Indicate by check mark whether the registrant
is an emerging growth company as defined in Rule 405 of the Securities Act of 1933 (17 CFR §230.405) or Rule 12b-2 of the
Securities Exchange Act of 1934 (17 CFR §240.12b-2).
Emerging growth company ☐
If an emerging growth company, indicate by
check mark if the registrant has elected not to use the extended transition period for complying with any new or revised financial
accounting standards provided pursuant to Section 13(a) of the Exchange Act. ☐
Item 1.01 Entry into a Material Definitive Agreement.

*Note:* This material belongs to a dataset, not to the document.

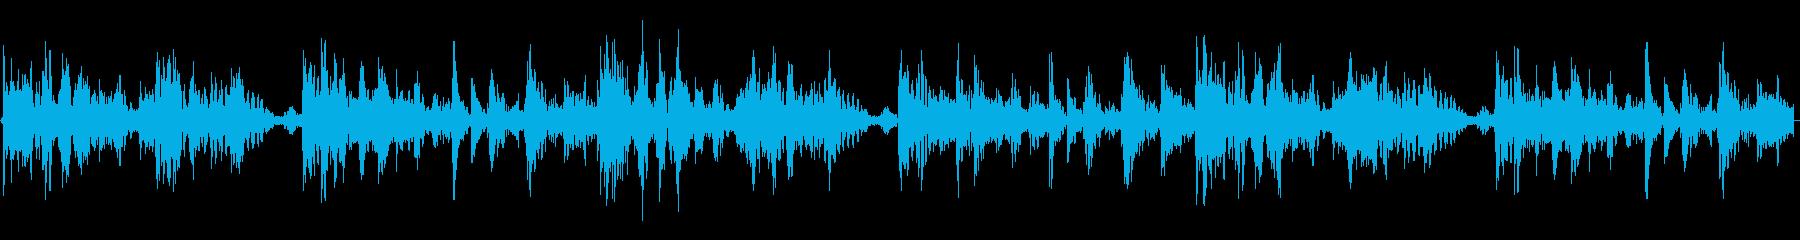 シンプルなHip-Hopループです。の再生済みの波形

On June 24, 2020, the board of directors of Coro Global Inc. (the
“Company”) adopted a compensation program for independent directors. Under the program, independent directors will
be entitled to a quarterly cash fee of $7,500 and 7,500 shares of common stock on a quarterly basis (each due and payable quarterly
in arrears).
Item 3.02 Unregistered Sales of Equity Securities.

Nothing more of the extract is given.